= Irish kinship =

Irish kinship is a system of kinship terminology (descended from the original Celtic practices) which shows a bifurcate collateral pattern. This system is used by a minority of people living in the Gaeltacht regions of Ireland. Irish kinship terminology varies from English kinship as it focuses on gender and generation, with less emphasis on differentiating lineal vs. collateral.

==Terminology==
Irish kinship is limited to a small number of words of Gaelic origin used in identifying relatives:

- Máthair ('mother')
- Athair ('father')
- Mac ('son')
- Iníon ('daughter')
- Deartháir ('brother')
- Deirfiúr ('sister')
- Aintín ('aunt')
- Uncail ('uncle')
- Nia ('nephew')
- Neacht ('niece')
- Seanmháthair ('grandmother')
- Seanathair ('grandfather')
- Garmhac ('grandson')
- Gariníon ('granddaughter')
- Col Ceathar ('cousin')

==Use of terminology==
A majority of the terms used in the kinship system are similar to the English kinship system, but the terms for aunt, uncle, nephew, niece and cousin have a far vaguer and different use. These terms, however, vary in degree of use as this system is largely confined to the Gaeltacht regions, and hence not widely used among other members of Irish society. The system has, however, been previously taught in primary schools around the country, including in non-Gaeltacht areas.

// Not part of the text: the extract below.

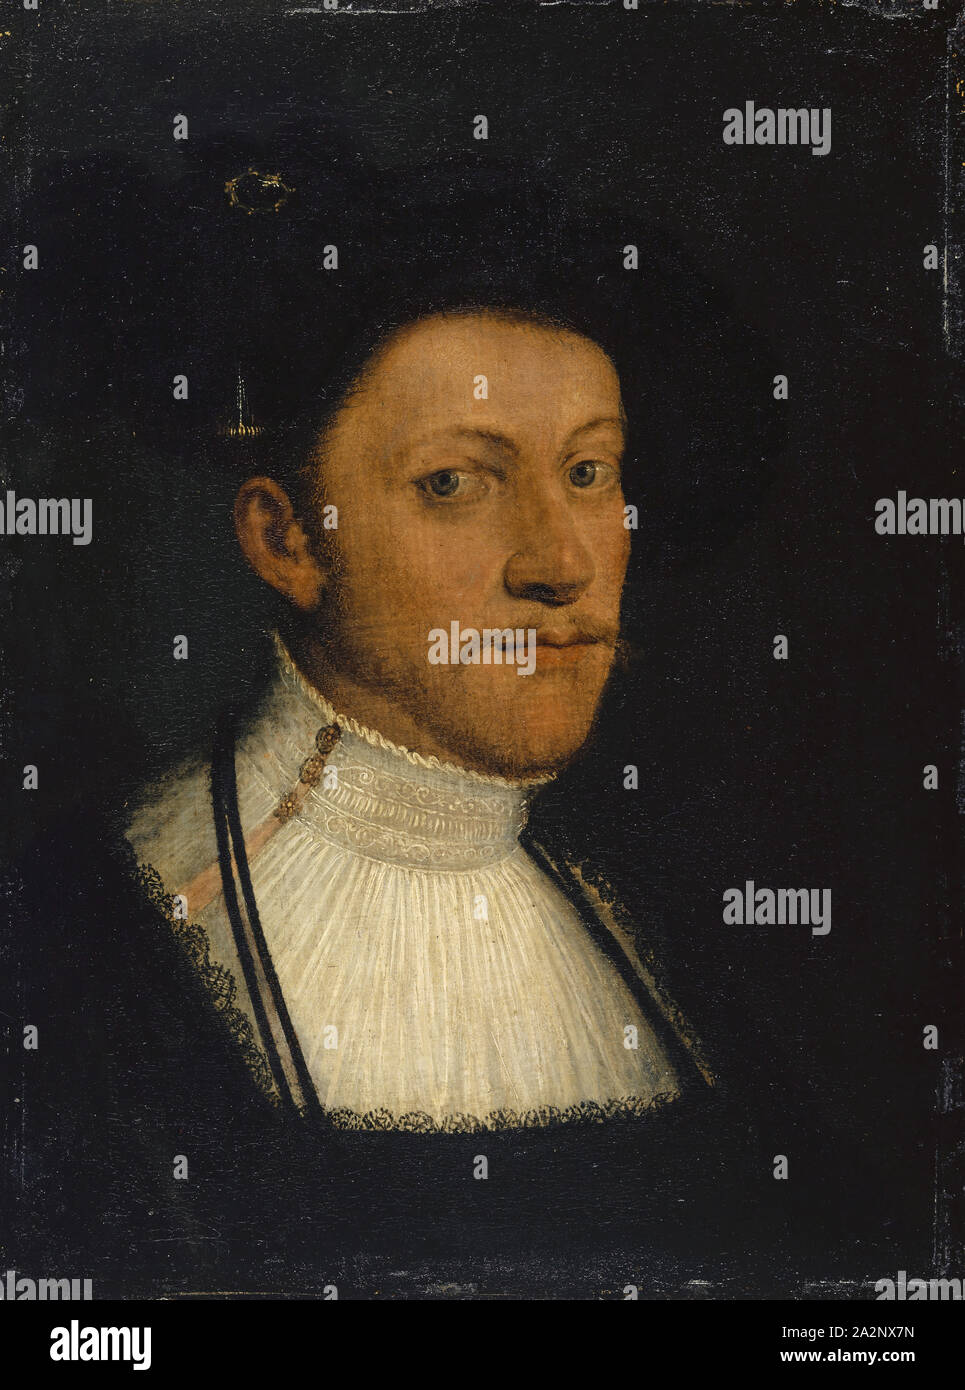 Ritratto di Filippo il magnanimo di Hesse, olio su tela montata su legno di conifera, 52 x 39 cm, non segnato, Christoph Amberger, (l'arte / stile di), um 1505-1561/62 Augsburg Foto Stock

===Aintín and Uncail, Nia and Neacht===
Aintín is the word for "aunt" and uncail for "uncle" but in the Irish kinship system aunt and uncle have a wider definition; in common kinship an aunt or uncle is the sister or brother of either the mother or the father. However, in Irish kinship, Aintín and Uncail are used for not only the siblings of the parents, but as well for any relative whose age is of a great distance from the child. This effectively means the cousin of a parent is called an aunt or uncle, while those who are aged or in their senior years (aunts or uncles of a parent, or cousins of a grandparent) are termed Seanaintín and Seanuncail (grand-aunt and grand-uncle). Using this system, the children of cousins in a person’s own generation (however distant) are called nephews and nieces, using the terms Nia and Neacht. Grandchildren of brothers, sisters or cousins of the same generation are termed Garnia (grand-nephew) or Garneacht (grand-niece).

===Col Gaolta===
Col Gaolta is a word for cousin; in the Irish kinship system, this word is used for all relatives in one's generation or those near your age, except in the case of a brother or a sister. The word actually means related by blood.

===Mo Mhuintir===
Mo Mhuintir, being Irish for My People, is a vague term used for relatives people believe they are related to, but do not have enough information to determine how.